So now I’m going to describe and reflect on a rather more interesting video by two academics and teachers, Marjo Mitsutomi, a specialist in SLA, and Minna Kirjavainen, who researches first language acquisition. They’re working in the teaching of English in Osaka, and they’re describing the uni course they’ve just set up there. Kirjavainen, the first speaker, describes her research as being on ‘the acquisition of syntax and morphology in monolingual, typically developing children, from about the ages two to six’. So now for some definitions. How does syntax differ from grammar, and what is morphology? A rough answer is that a grammar involves everything about how a language works, which includes syntax, which is essentially about how words are ordered in sentences. Morphology is often described as the corollary of syntax. Grammar can be divided into syntax, the external economy of words (i.e. in sentences), and morphology, the internal economy of words (i.e. from morphemes). For example, ‘robbed’ contains the verb ‘rob’ plus the unit of meaning ‘-ed’, or ‘-bed’, which means ‘in the past’. But presumably ‘went’ is made up of two morphemes, ‘go’ and ‘in the past’, both of which are in a sense hidden in the word?

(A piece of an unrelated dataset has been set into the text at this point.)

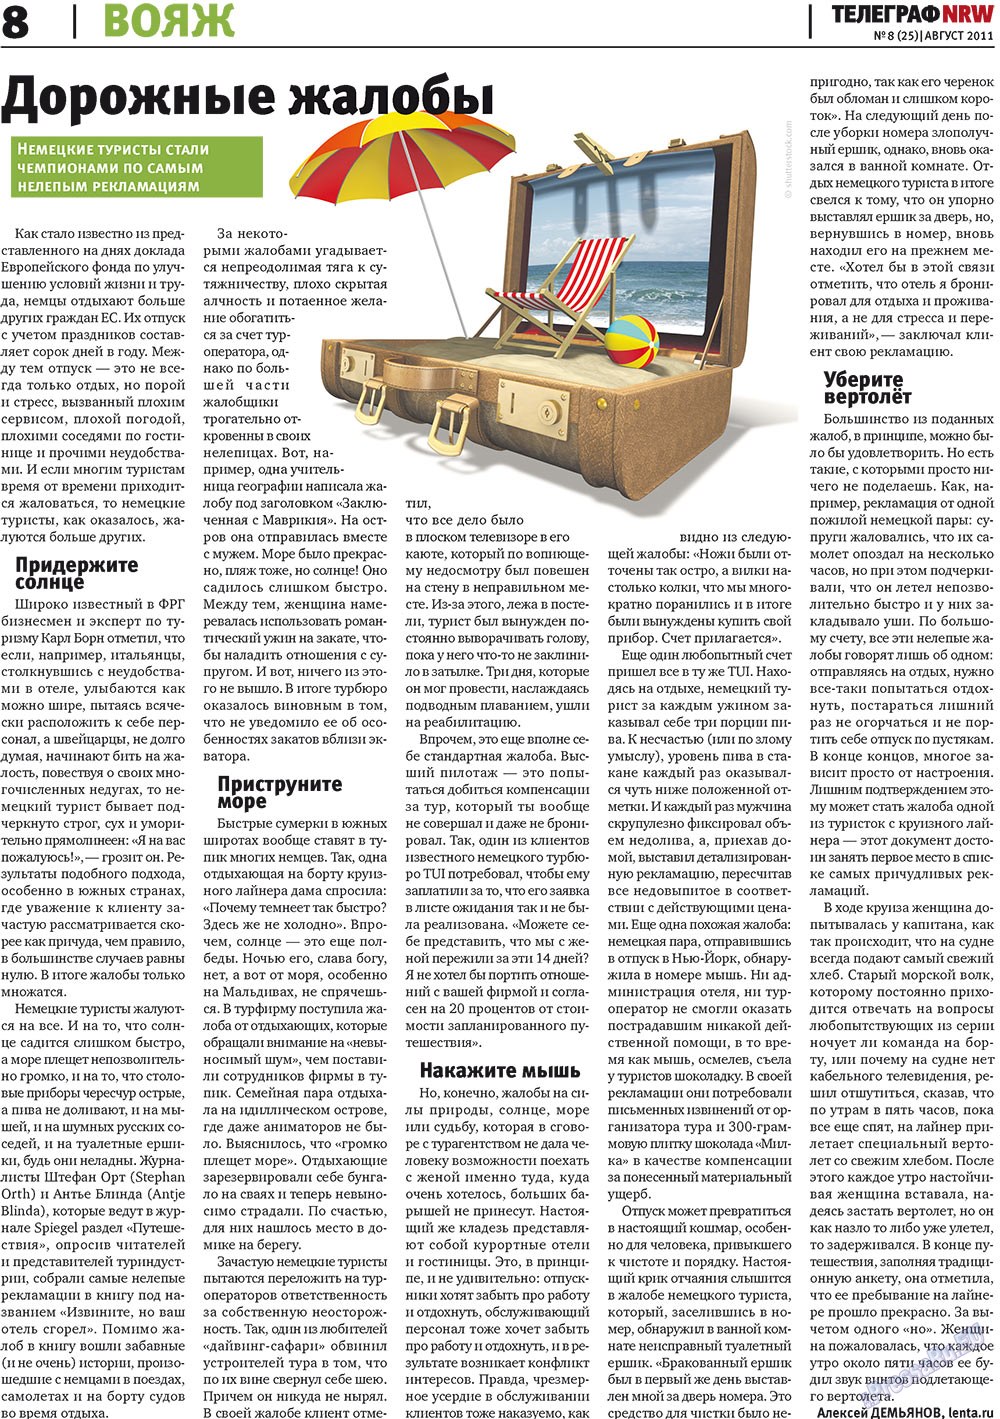 Телеграф NRW (газета). 2011 год, номер 8, стр. 8

Kirjavainen describes herself as coming from the ‘usage-based, constructivist view-point’, and says

‘this means that I don’t assume there’s innate syntactic components in the child’s mind like many first language and second language acquisition researchers do. Instead, the usage-based viewpoint assumes that language exposure and general cognitive processes result in language acquisition in children.’

A slide accompanying this anouncement indicated that Michael Tomasello is one of the major developers of this approach. So I’ll need to familiarise myself with Tomasello’s work, especially as I’m currently reading Steven Pinker’s The language instinct, which appears to be an attempt to popularise Chomsky’s universal grammar theories. Chomsky and Pinker argue that there is something innate about grammar, though just what it is is hard to capture.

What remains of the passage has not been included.